EXERCISE INSTRUCTIONS: Retype the whole listing exactly. Leave out pictures.

DATA BLOCK:
↓
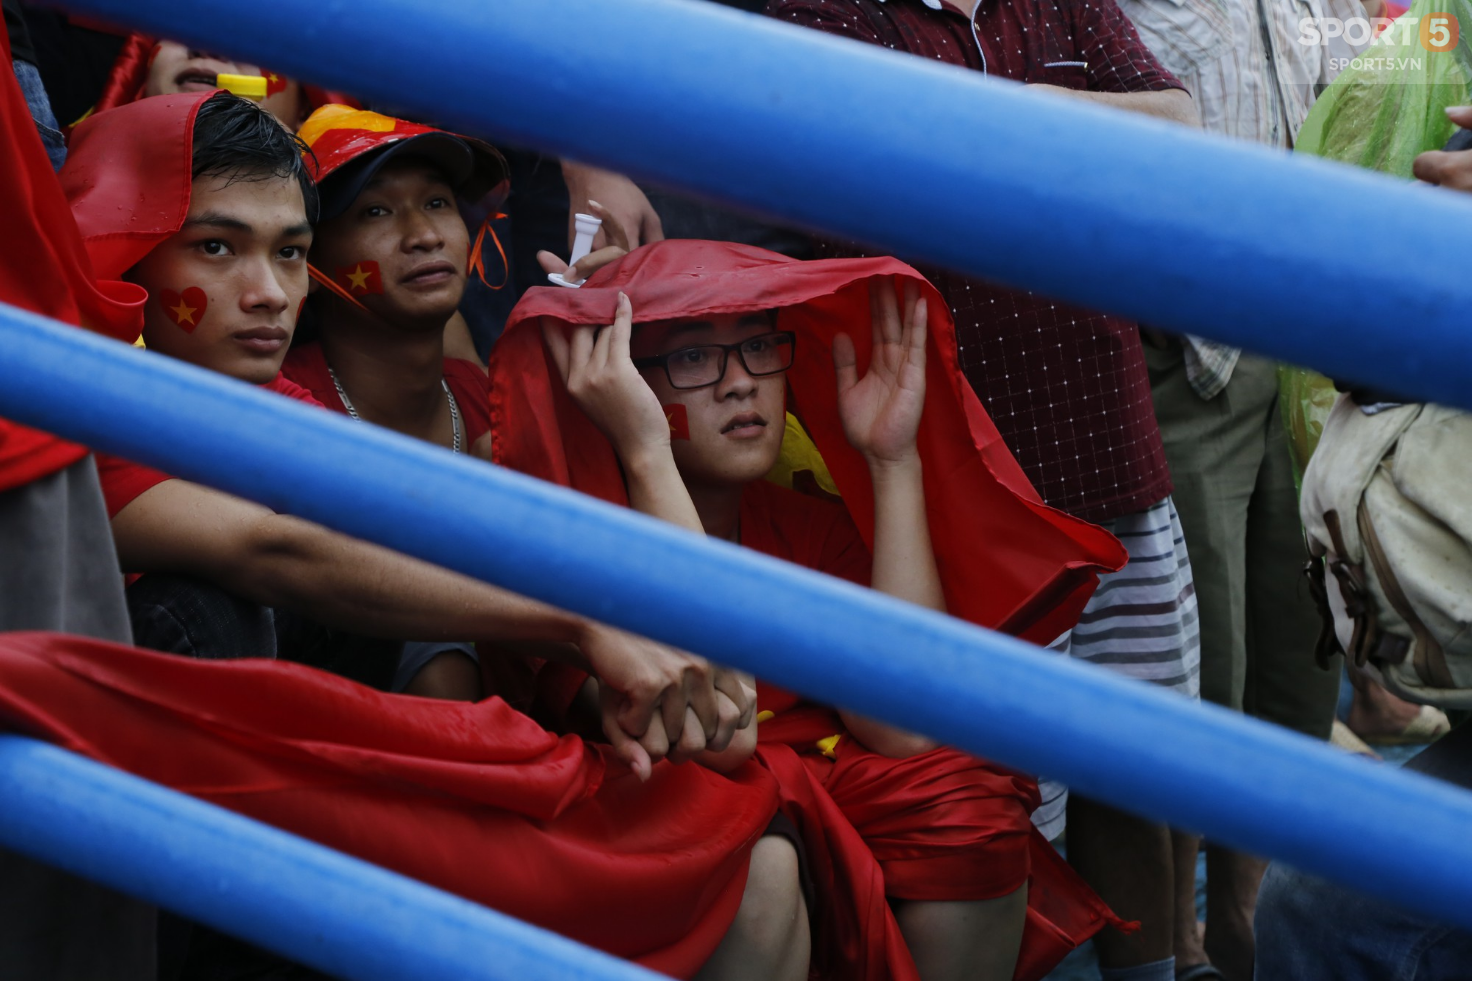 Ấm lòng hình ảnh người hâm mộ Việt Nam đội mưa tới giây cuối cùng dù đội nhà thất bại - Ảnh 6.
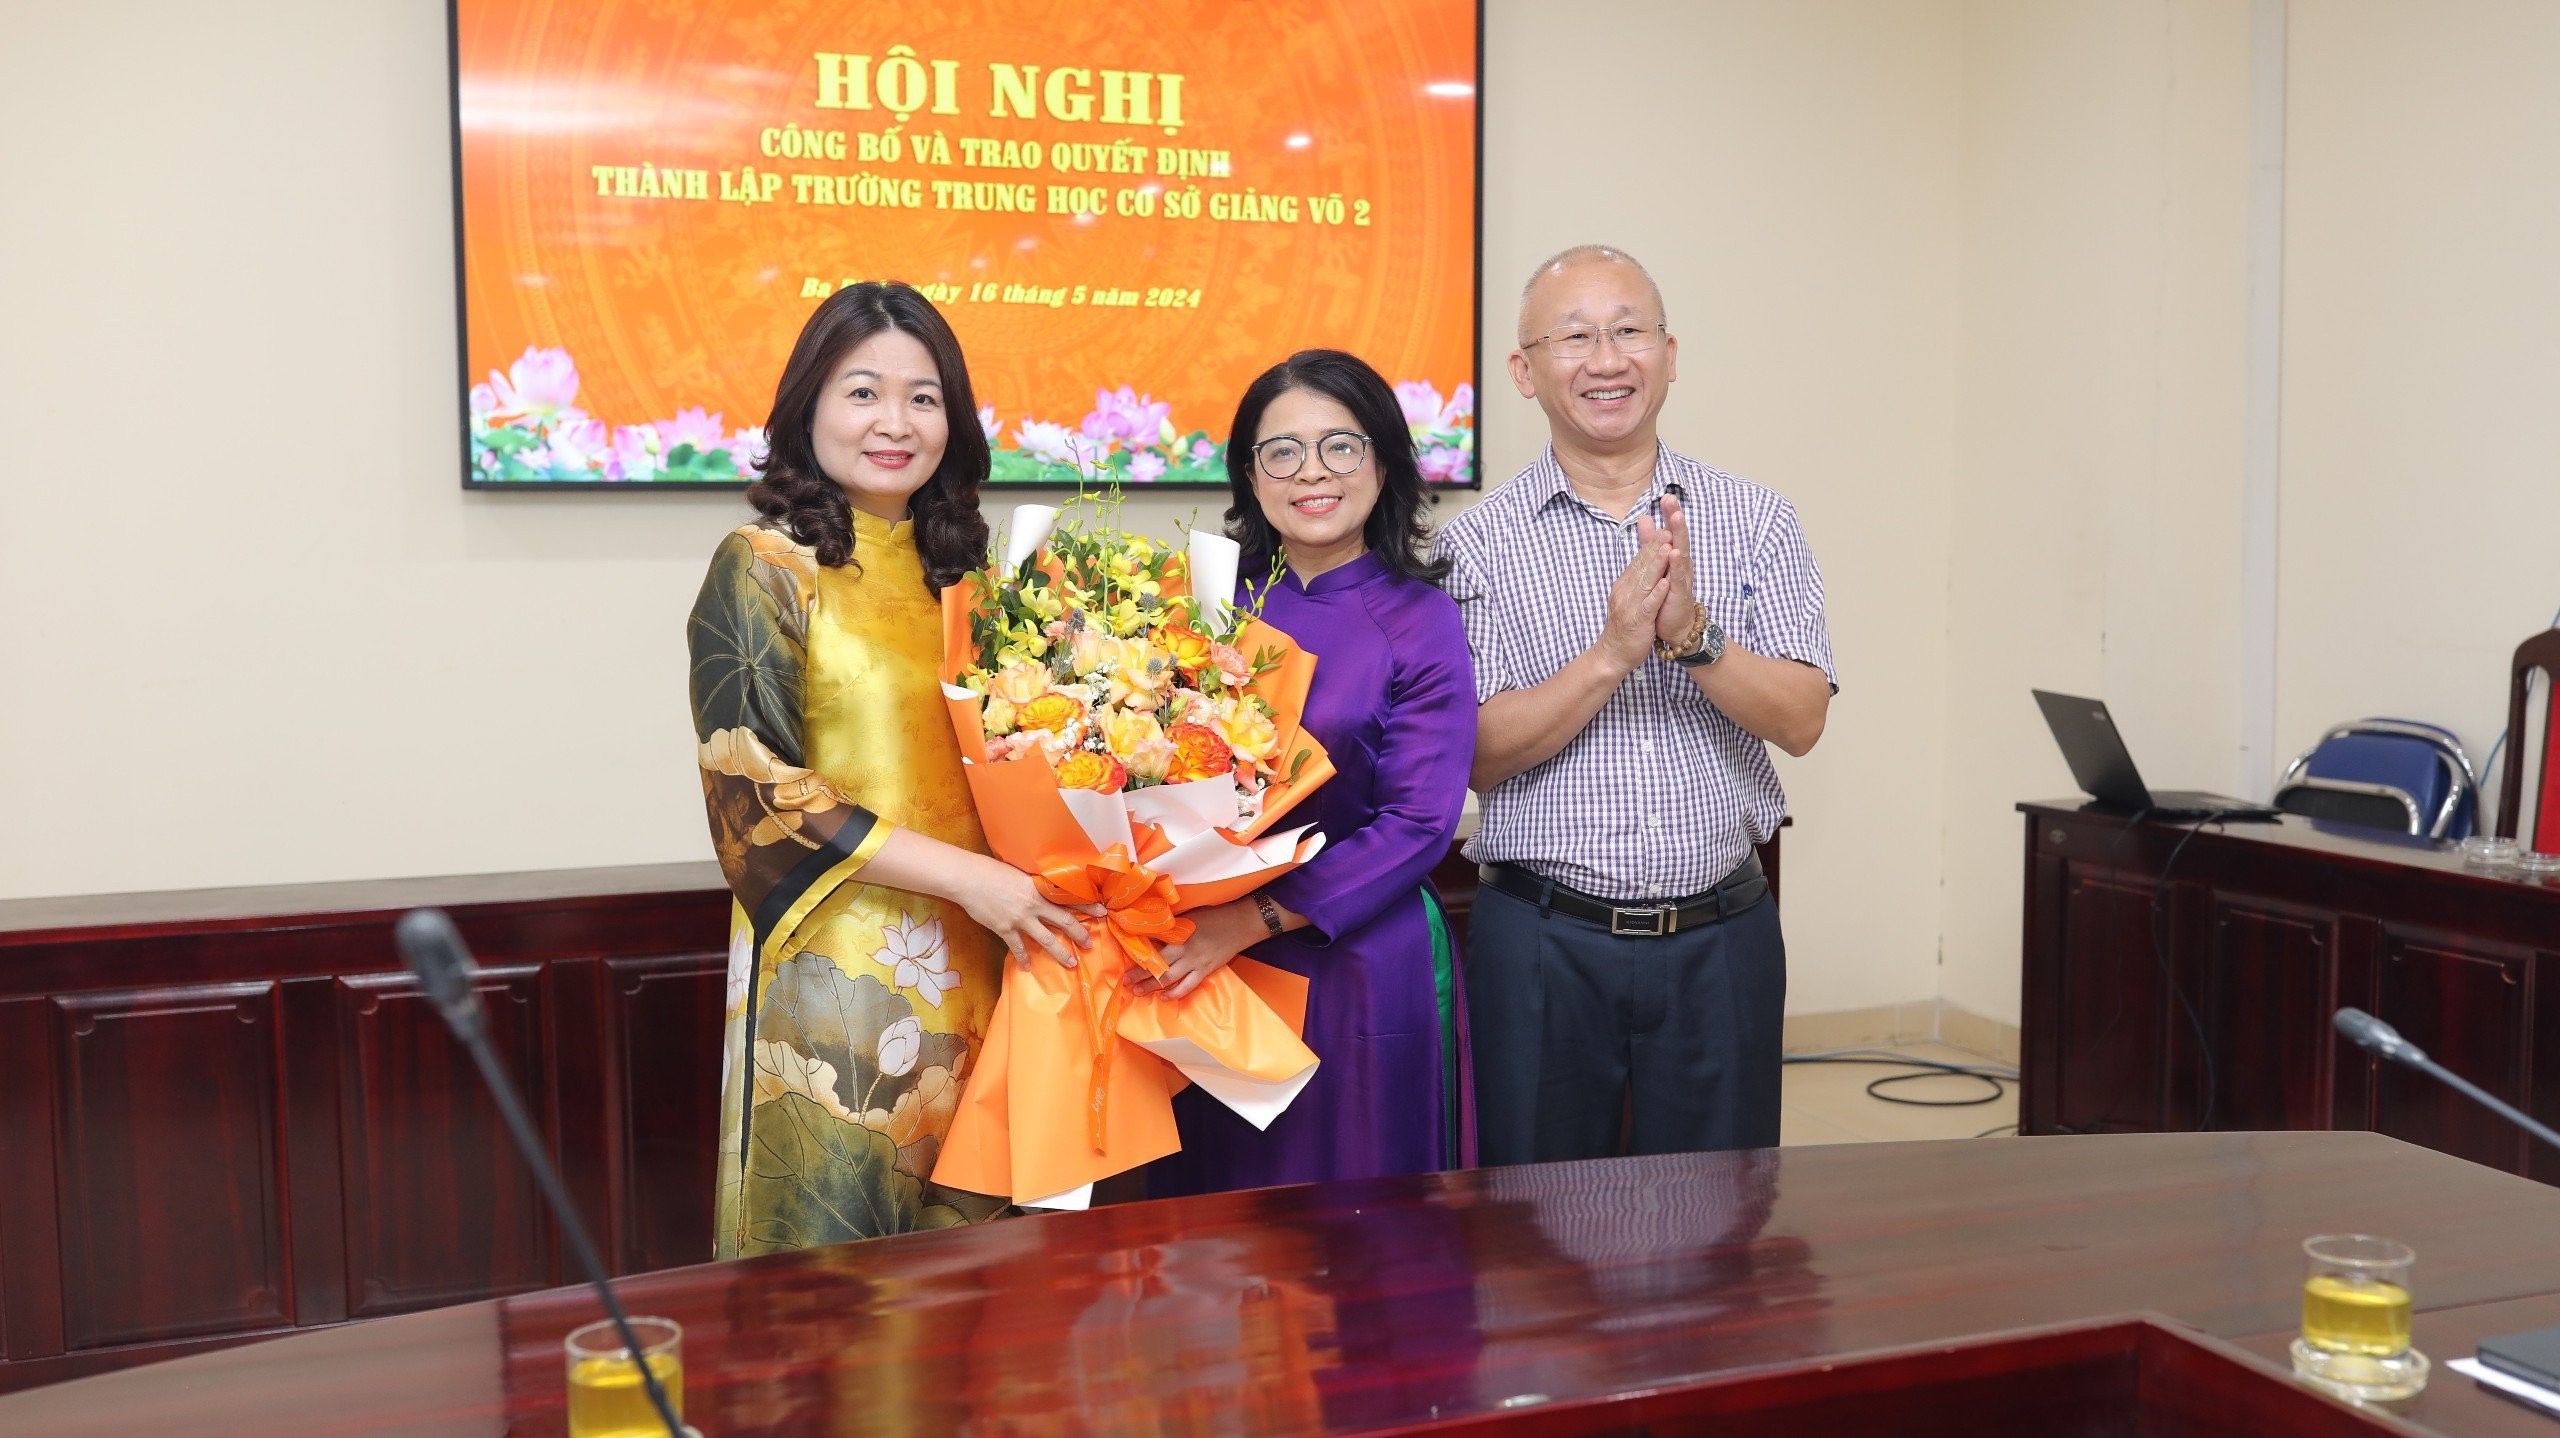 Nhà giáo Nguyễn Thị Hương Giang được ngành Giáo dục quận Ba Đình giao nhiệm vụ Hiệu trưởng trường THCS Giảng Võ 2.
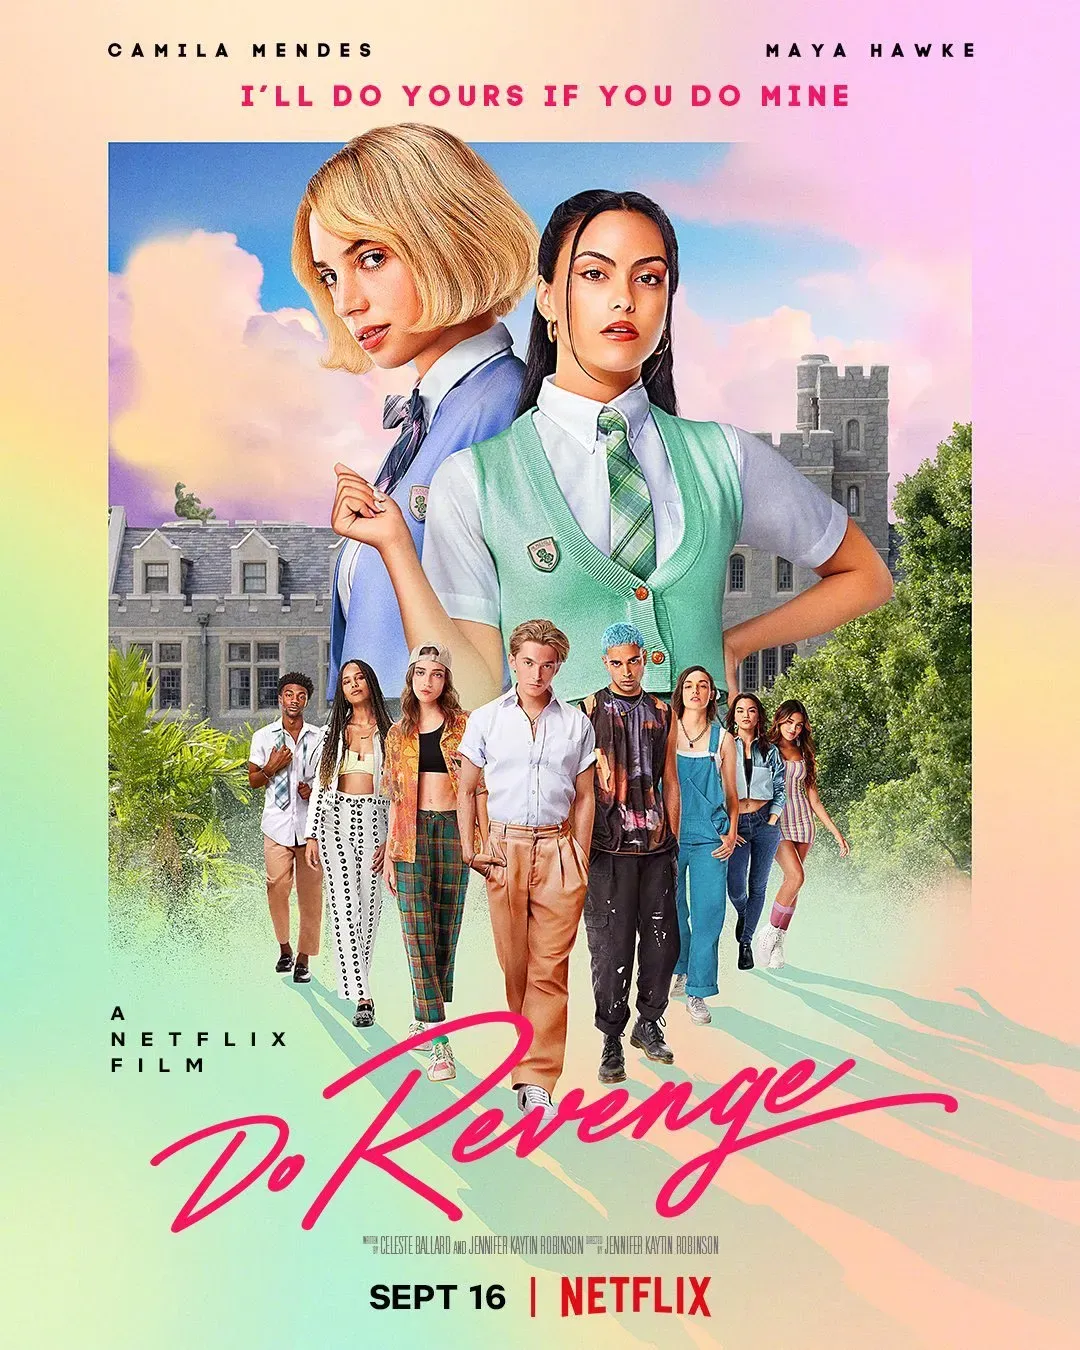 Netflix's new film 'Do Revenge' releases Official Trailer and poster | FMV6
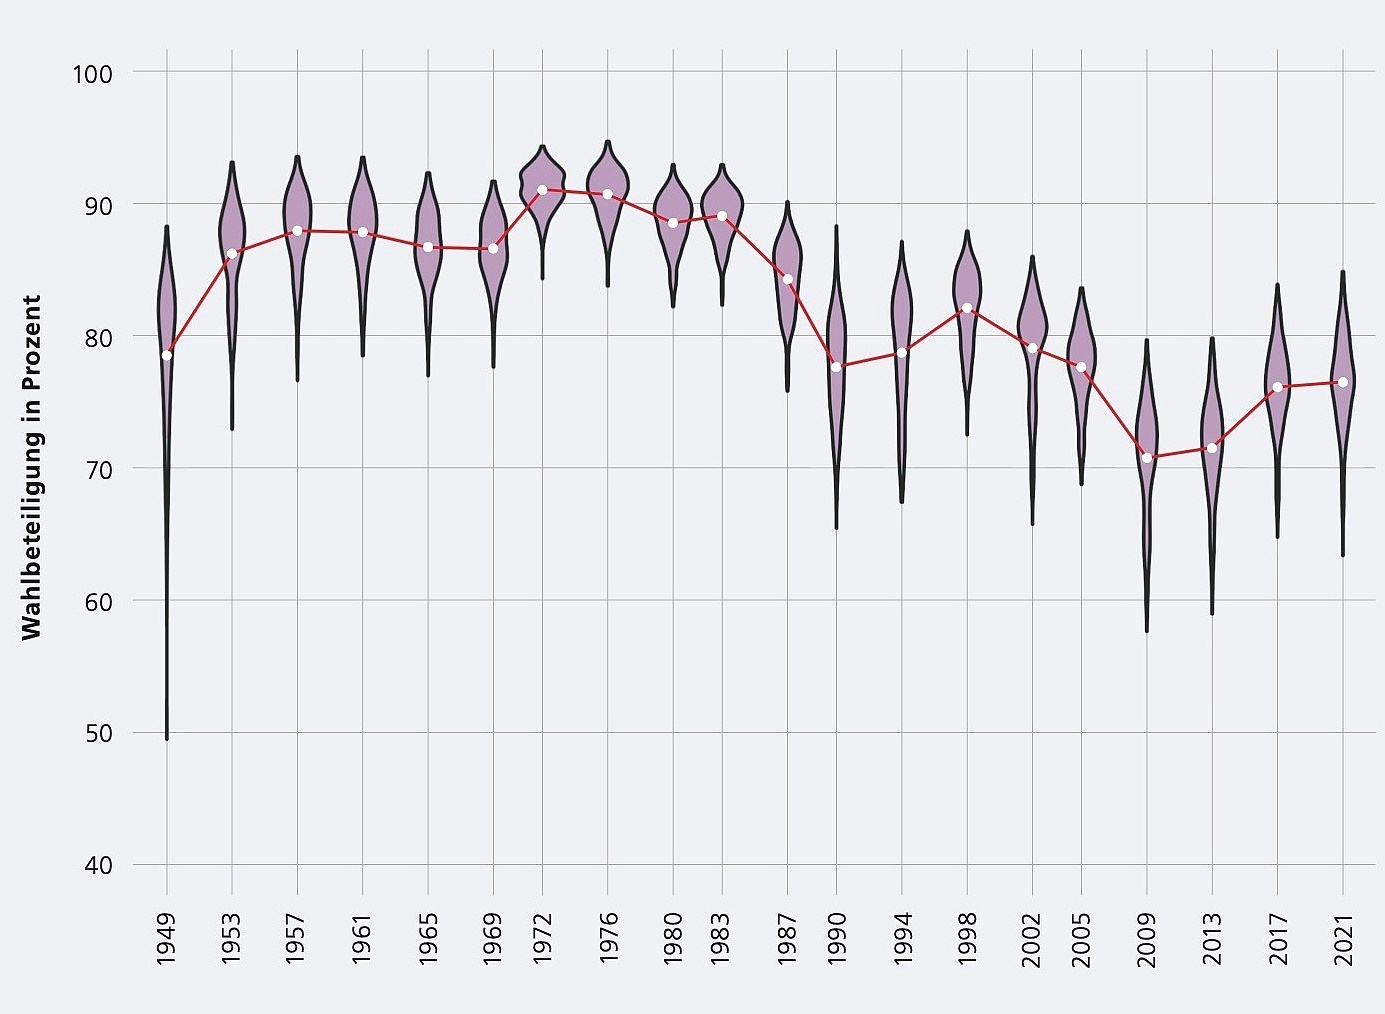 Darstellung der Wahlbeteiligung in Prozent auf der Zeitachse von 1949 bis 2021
↑
EXERCISE ANSWER:
 Ấm lòng hình ảnh người hâm mộ Việt Nam đội mưa tới giây cuối cùng dù đội nhà thất bại - Ảnh 6.
 Nhà giáo Nguyễn Thị Hương Giang được ngành Giáo dục quận Ba Đình giao nhiệm vụ Hiệu trưởng trường THCS Giảng Võ 2.
 Netflix's new film 'Do Revenge' releases Official Trailer and poster | FMV6
 Darstellung der Wahlbeteiligung in Prozent auf der Zeitachse von 1949 bis 2021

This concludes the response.